▶ **AVAILABLE RECORDS**

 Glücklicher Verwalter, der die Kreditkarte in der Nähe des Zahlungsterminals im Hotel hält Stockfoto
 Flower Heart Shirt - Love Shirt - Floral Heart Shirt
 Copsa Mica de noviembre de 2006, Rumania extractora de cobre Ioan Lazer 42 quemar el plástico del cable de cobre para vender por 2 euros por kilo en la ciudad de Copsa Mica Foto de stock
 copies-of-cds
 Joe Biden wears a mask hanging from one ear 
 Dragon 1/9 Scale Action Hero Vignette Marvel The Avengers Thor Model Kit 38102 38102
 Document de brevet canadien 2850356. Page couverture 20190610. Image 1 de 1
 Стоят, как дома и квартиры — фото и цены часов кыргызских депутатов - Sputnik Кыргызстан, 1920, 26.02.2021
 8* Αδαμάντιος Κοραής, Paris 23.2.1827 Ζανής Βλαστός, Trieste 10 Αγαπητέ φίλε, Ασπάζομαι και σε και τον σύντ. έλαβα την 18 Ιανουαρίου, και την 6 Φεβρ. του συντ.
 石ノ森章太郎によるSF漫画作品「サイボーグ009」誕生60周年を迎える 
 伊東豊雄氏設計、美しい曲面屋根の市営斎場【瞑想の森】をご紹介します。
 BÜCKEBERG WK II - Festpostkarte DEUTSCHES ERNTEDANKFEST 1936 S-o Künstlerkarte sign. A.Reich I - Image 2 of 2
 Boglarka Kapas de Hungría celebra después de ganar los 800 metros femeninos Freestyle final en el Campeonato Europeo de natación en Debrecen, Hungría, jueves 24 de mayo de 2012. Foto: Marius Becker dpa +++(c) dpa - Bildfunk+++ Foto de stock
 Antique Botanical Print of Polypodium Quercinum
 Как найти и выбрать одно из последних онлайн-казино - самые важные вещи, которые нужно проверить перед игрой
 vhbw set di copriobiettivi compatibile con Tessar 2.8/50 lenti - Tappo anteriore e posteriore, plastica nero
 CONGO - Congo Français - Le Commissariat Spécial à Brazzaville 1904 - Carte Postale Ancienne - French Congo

▶ **BRIEF**
Determine how many lines of the entries contain the string "Image", and reply with nothing but the number.

▶ **ANSWER BELOW**
2